* PROVIDED MATERIAL *

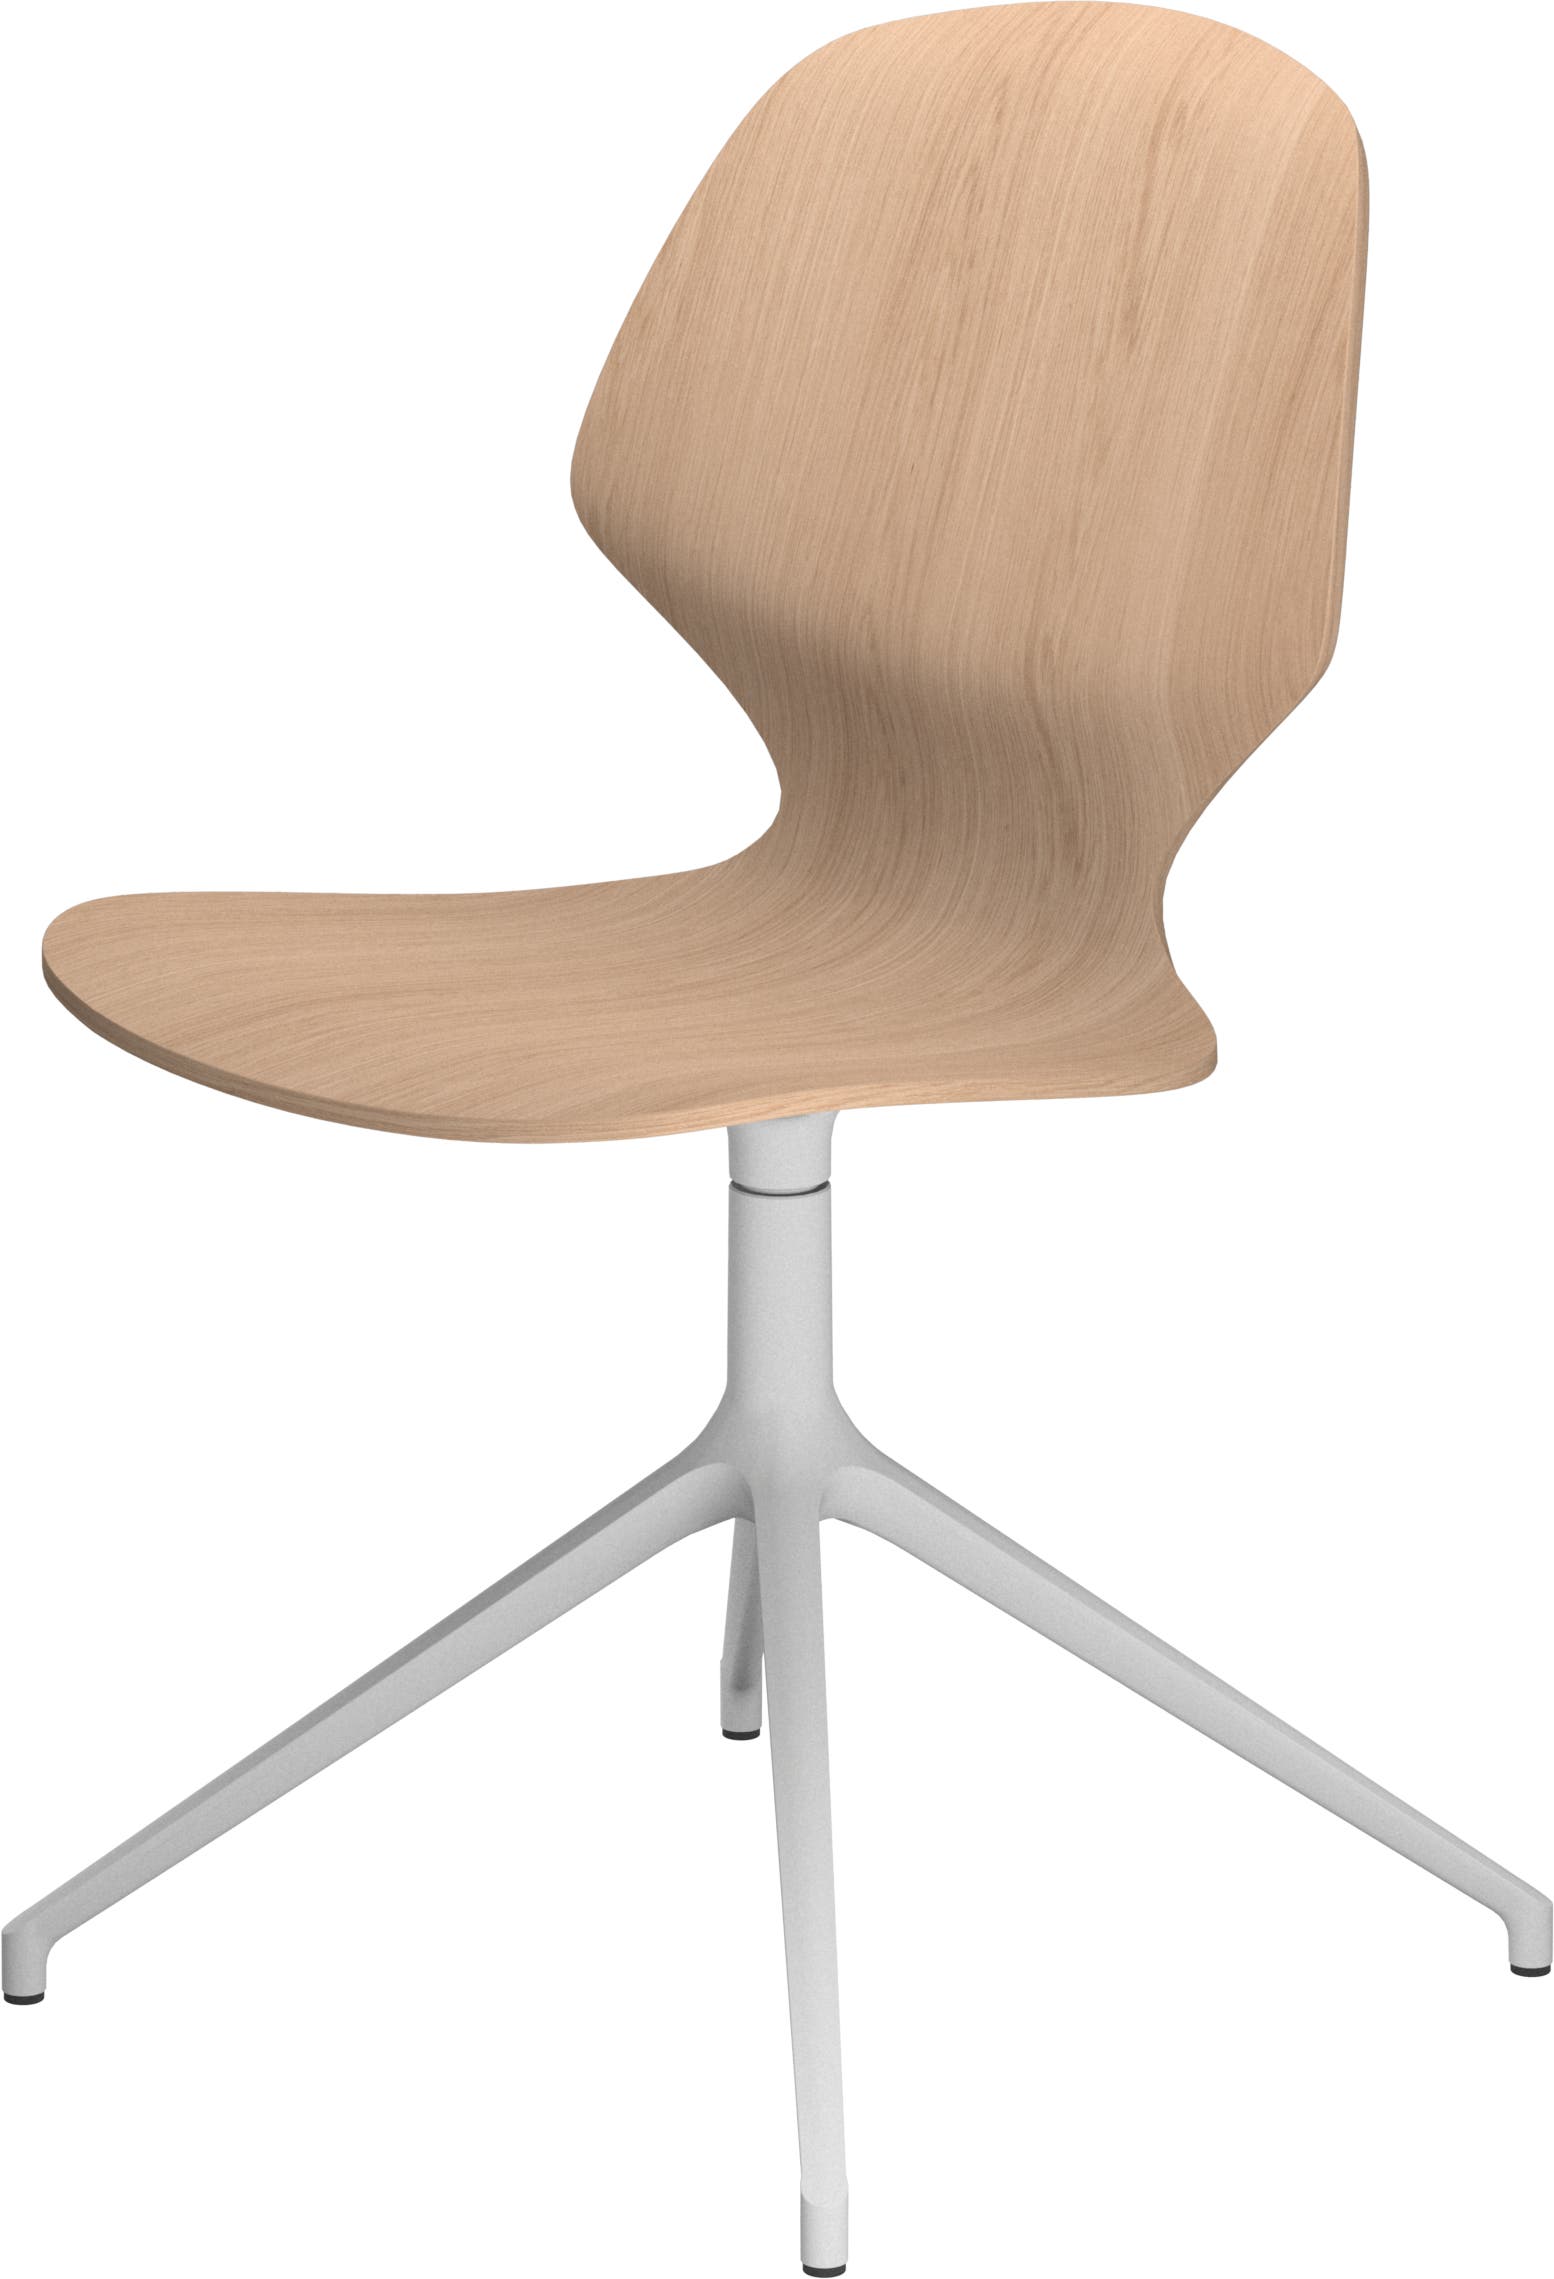 Florence chair with swivel function
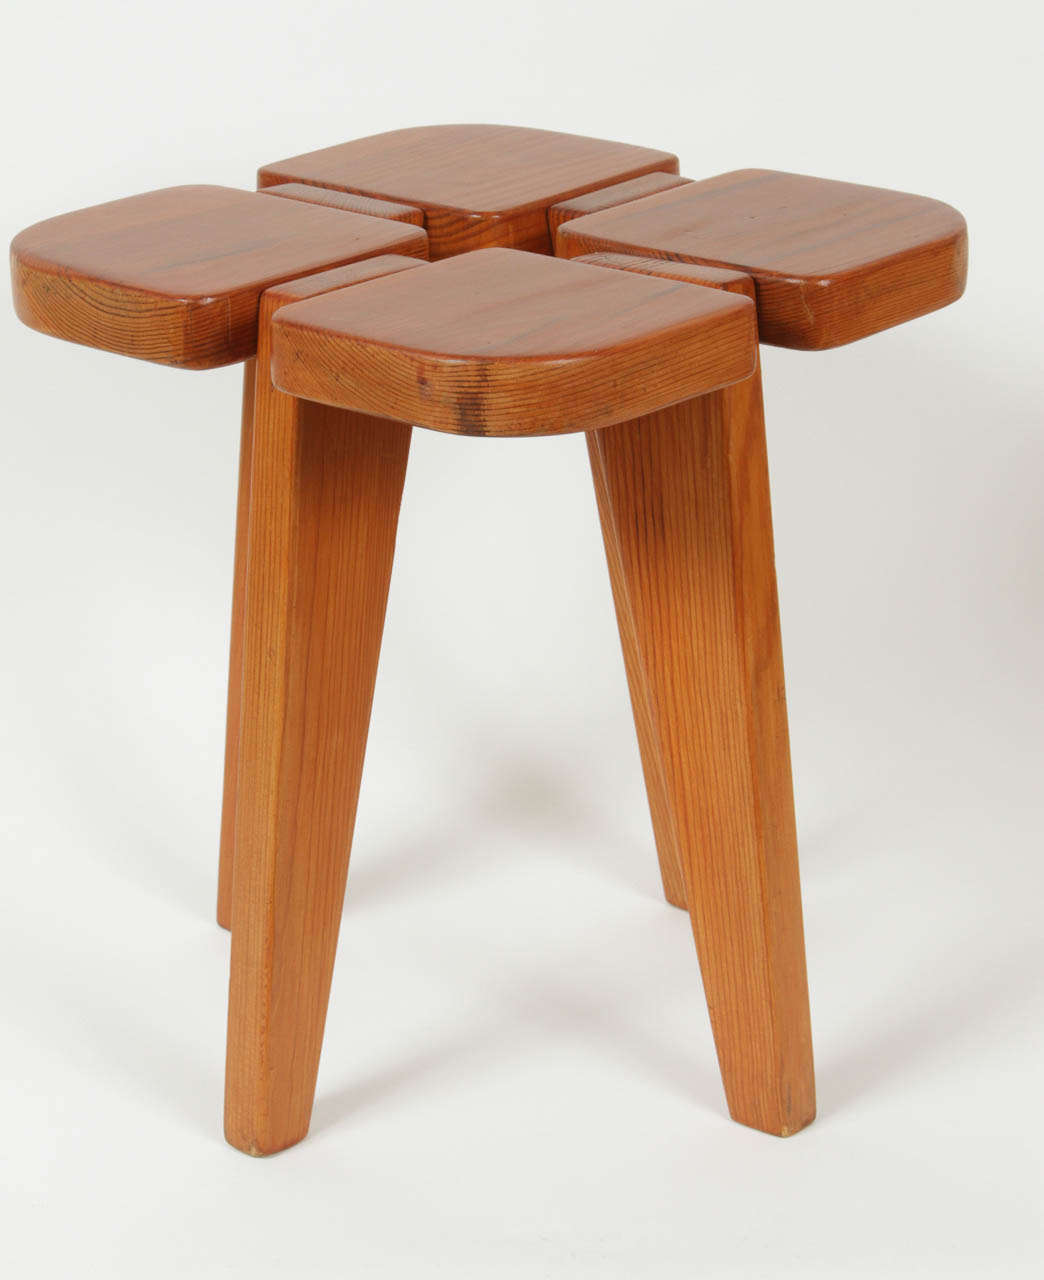 Mid-20th Century Pair of Orgeon Pine Stools by Lisa Johansson-Pape For Sale
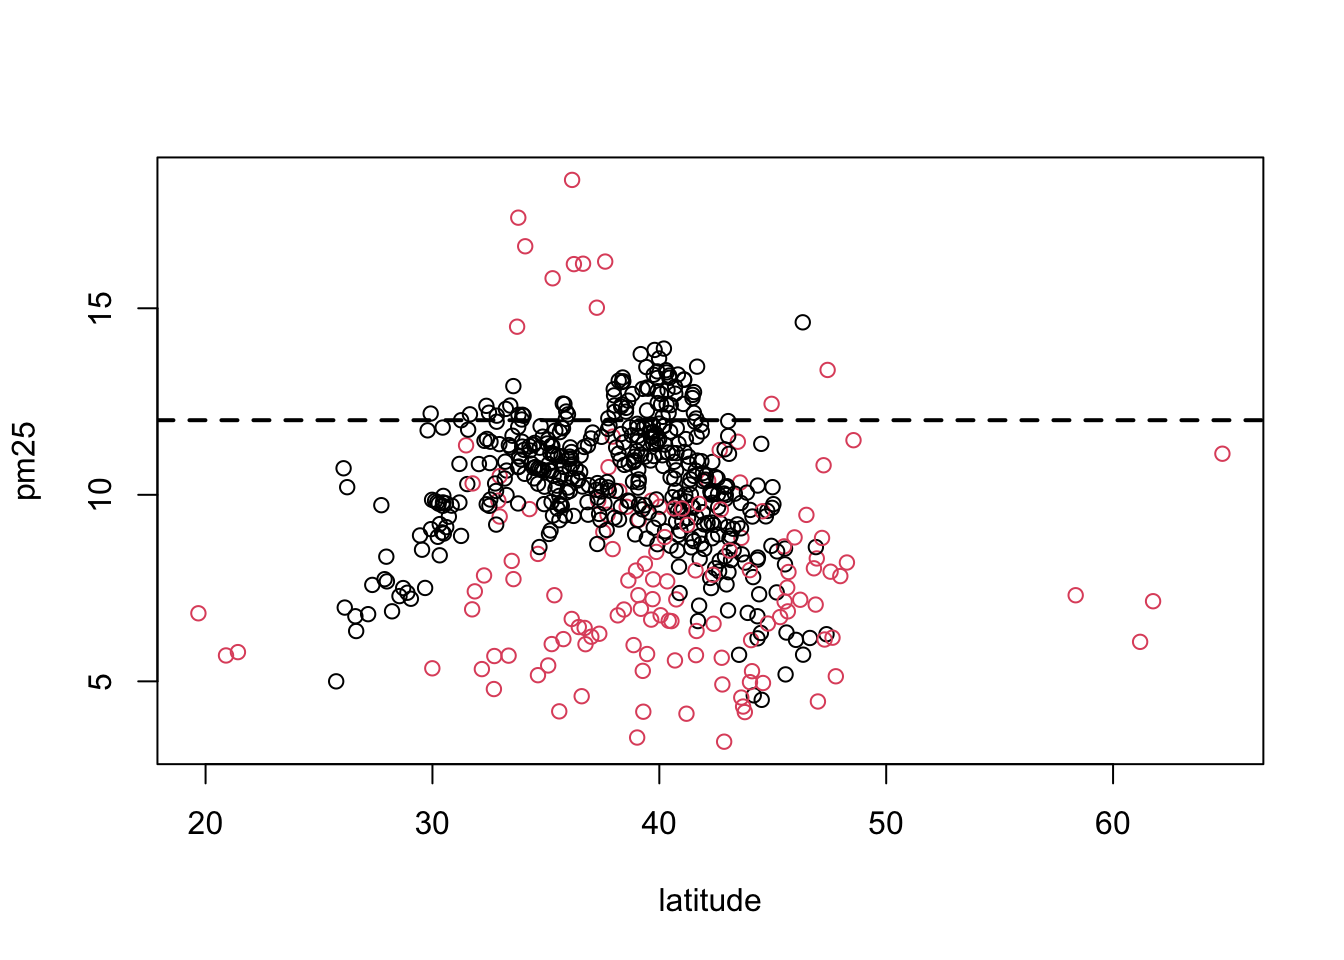 Scatterplot of PM2.5 and latitude by region
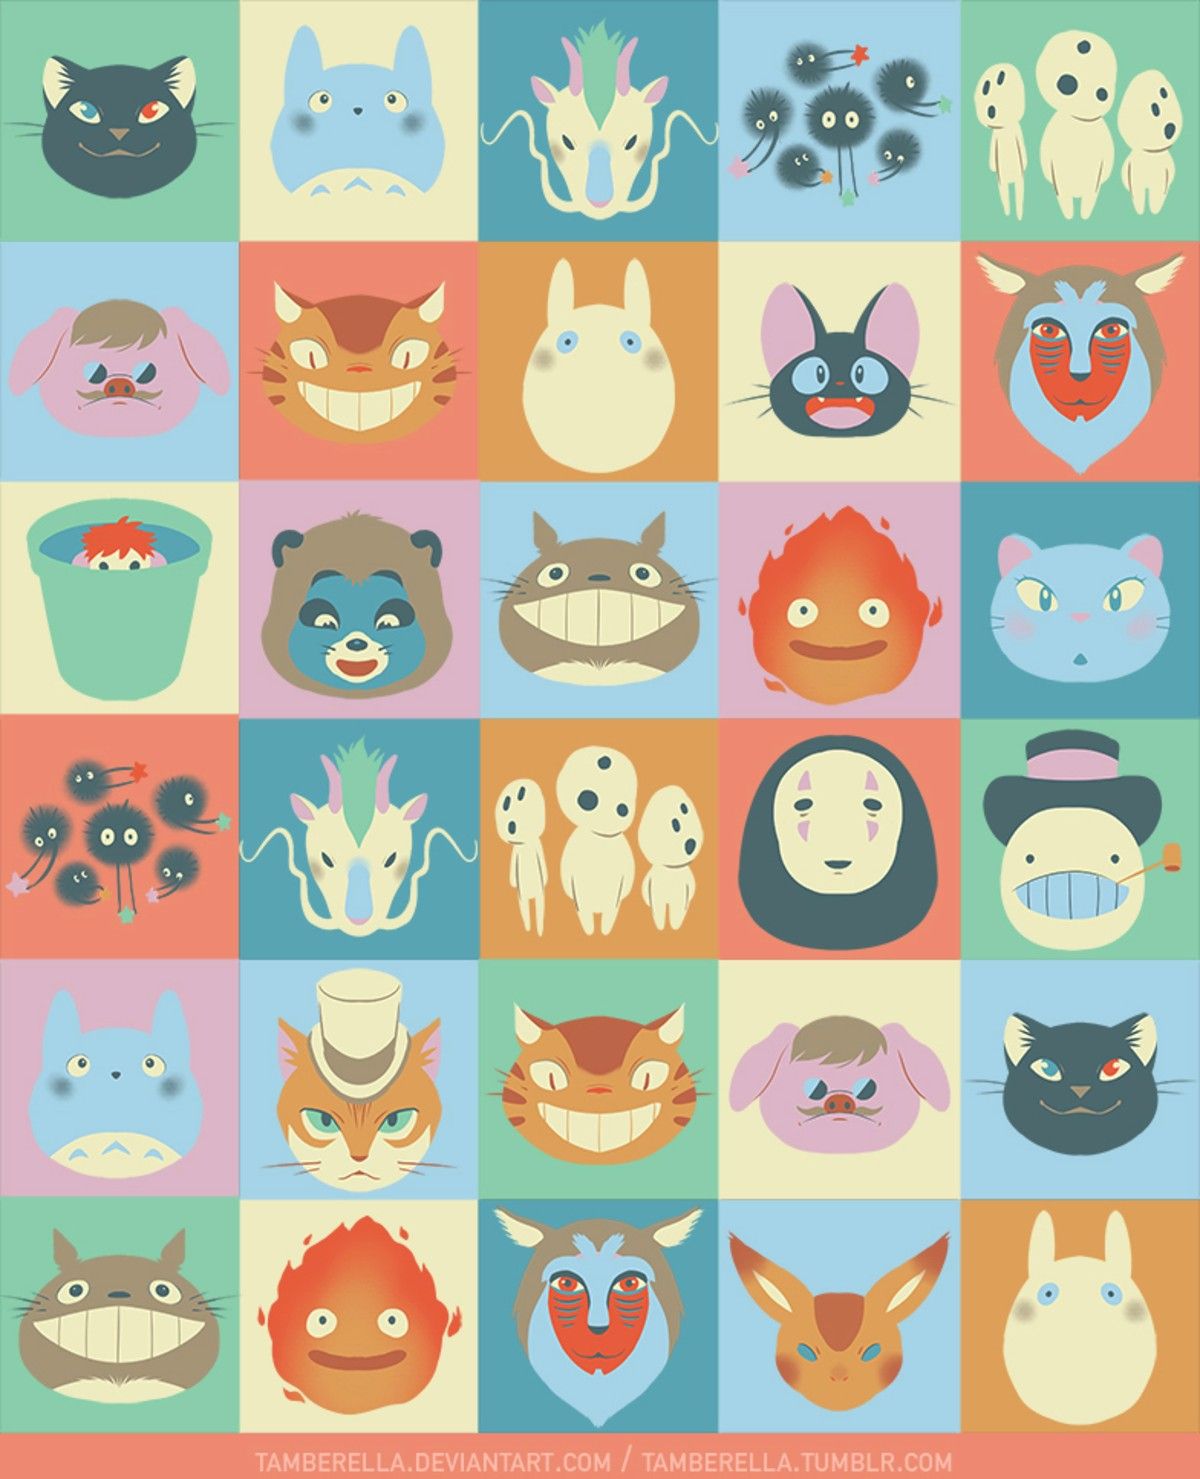 Studio Ghibili creatures arranged in a quilt pattern of fanart

* AIM OF THE EXERCISE *
Excluding all images, transcribe the material word for word.

* ANSWER TO THIS EXERCISE *
 Florence chair with swivel function
 Mid-20th Century Pair of Orgeon Pine Stools by Lisa Johansson-Pape For Sale
 Scatterplot of PM2.5 and latitude by region
 Studio Ghibili creatures arranged in a quilt pattern of fanart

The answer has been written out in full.